Thursday, February 10, 2022

Self Care and Cooking

Yesterday was a rainy day, which was delightful for me.  My spouse headed off to do his in-person teaching after doing his online teaching in our living room.  I sprung into action.  I had a vision for dinner:  a quiche and lemon yogurt muffins.  I decided to make the pie crust from scratch, which is not one of my strong suits.

I made this FB post, which I shortened into a Tweet; this detail will be important later:

"On today's docket: cooking as self-care. I will make pumpkin butter to spread on toasted slices of homemade bread, lemon yogurt muffins, and a quiche for tonight. Yes, I am still making the food that I first learned to make from Mollie Katzen's "The Enchanted Broccoli Forest Cookbook." But decades later, I no longer need to consult a recipe."

Even before I started baking, I knew that I might not have any muffin pans.  Once I had 2 pans that made 12 muffins.  I knew that one had rusted beyond repair in the post-hurricane Irma flooding.  I thought back to my summer sorting.  Would I have given the other one to Good Will? I can see myself scoffing at the idea that I would ever have time to make muffins again. I can see myself pledging allegiance to my loaf pans.  Happily, I kept the small loaf tins, and they worked perfectly.

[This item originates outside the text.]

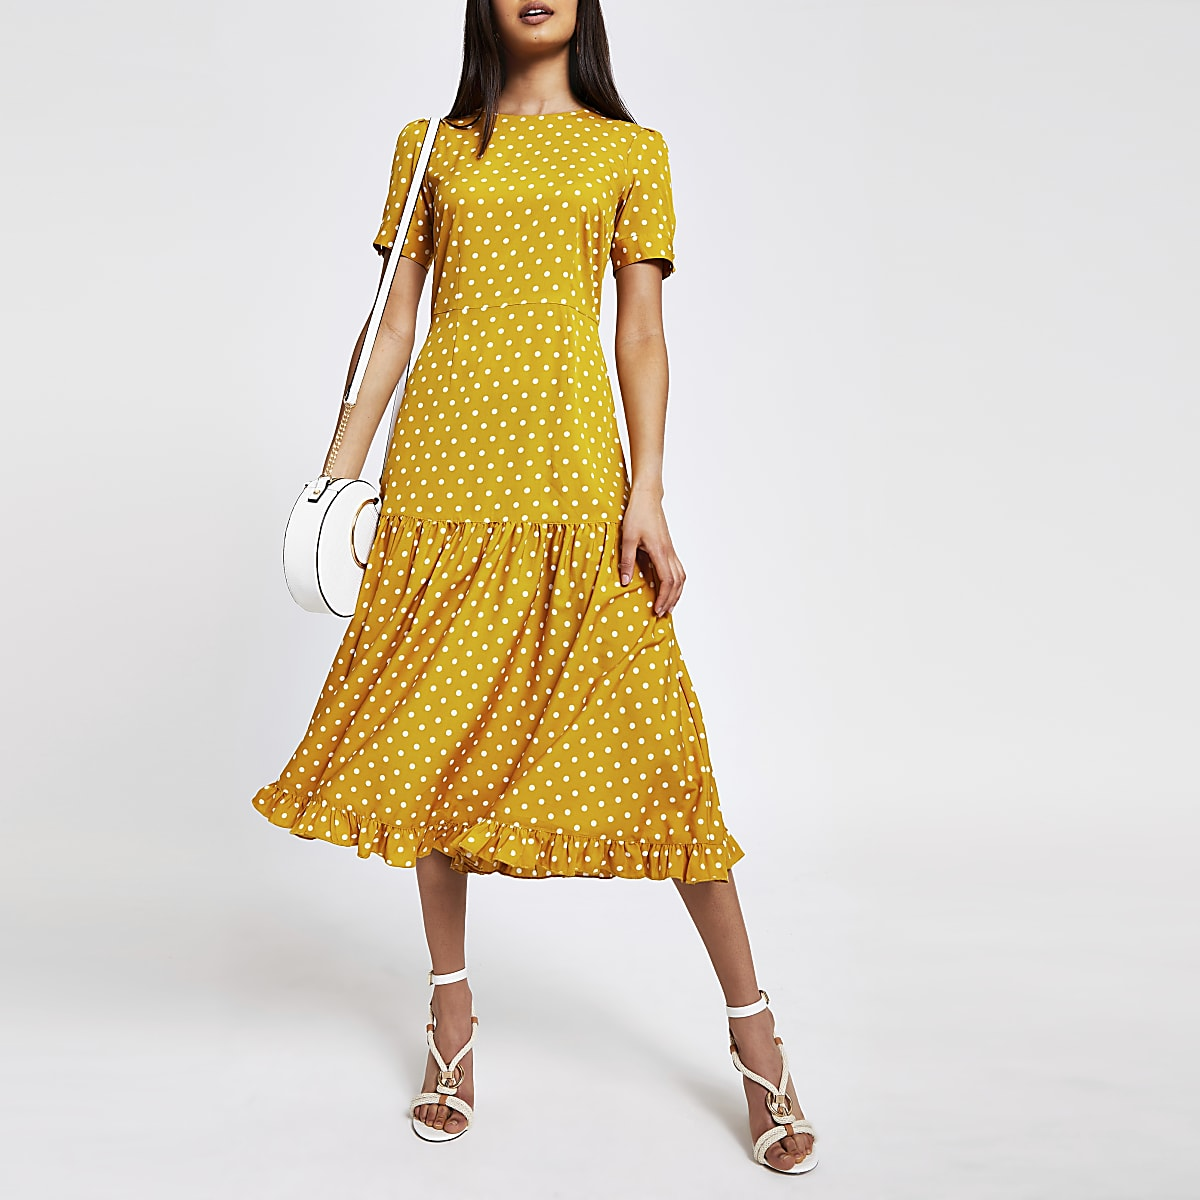 d2d4b4abe35b Yellow spot midi dress - Swing Dresses - Dresses - women

As I talked about yesterday, I was happy not to be on campus on a Wednesday.  Near 11:00, I made this FB post:  

"In a few minutes, my colleagues at the school that severed me will go to their weekly Campus Directors' video meeting on Teams. That meeting will last at least 90 minutes. Meanwhile, I am about to bite into a fragrant lemon loaf, fresh and hot from my home oven. Ahhhhhh."

At the end of the day, I hadn't made the pumpkin butter, but we did have quiche, roasted broccoli, and lemon muffins for dinner.  Actually, I didn't eat the lemon muffins.  I had eaten my fill earlier in the day.
After I got flour all over the kitchen, I swept and mopped the floors, which was something I had planned to do even before I knew that I would be baking.

Just before my evening seminary small group, I went back to check on Twitter.  Much to my delight, Mollie Katzen had responded to my tweet!!!  I made this FB post:

"I took the post below about what I would cook today, and what cookbook inspired it, and I turned it into a tweet, tagging the cookbook author Mollie Katzen. SHE RESPONDED TO MY TWEET!!!! She wrote, 'Perfect, all of this.' It's the modern day fan letter--and I got a response!!!"

Back in 1982, my mom gave me The Enchanted Broccoli Forest cookbook for Christmas;  it was the cookbook that most shaped me.  I am so glad that Mollie Katzen is still alive, still doing good in the world and responding to fan-girl tweets that tag her.  I am so glad that I am still able to cook that kind of food, that I can practice self-care in these underemployment days, in the form of cooking.

1 comment:

Dave Bonta said...

That's awesome. My mother and I both still use Enchanted Broccoli Forest and the first Moosewood (along with the later ones) all the time.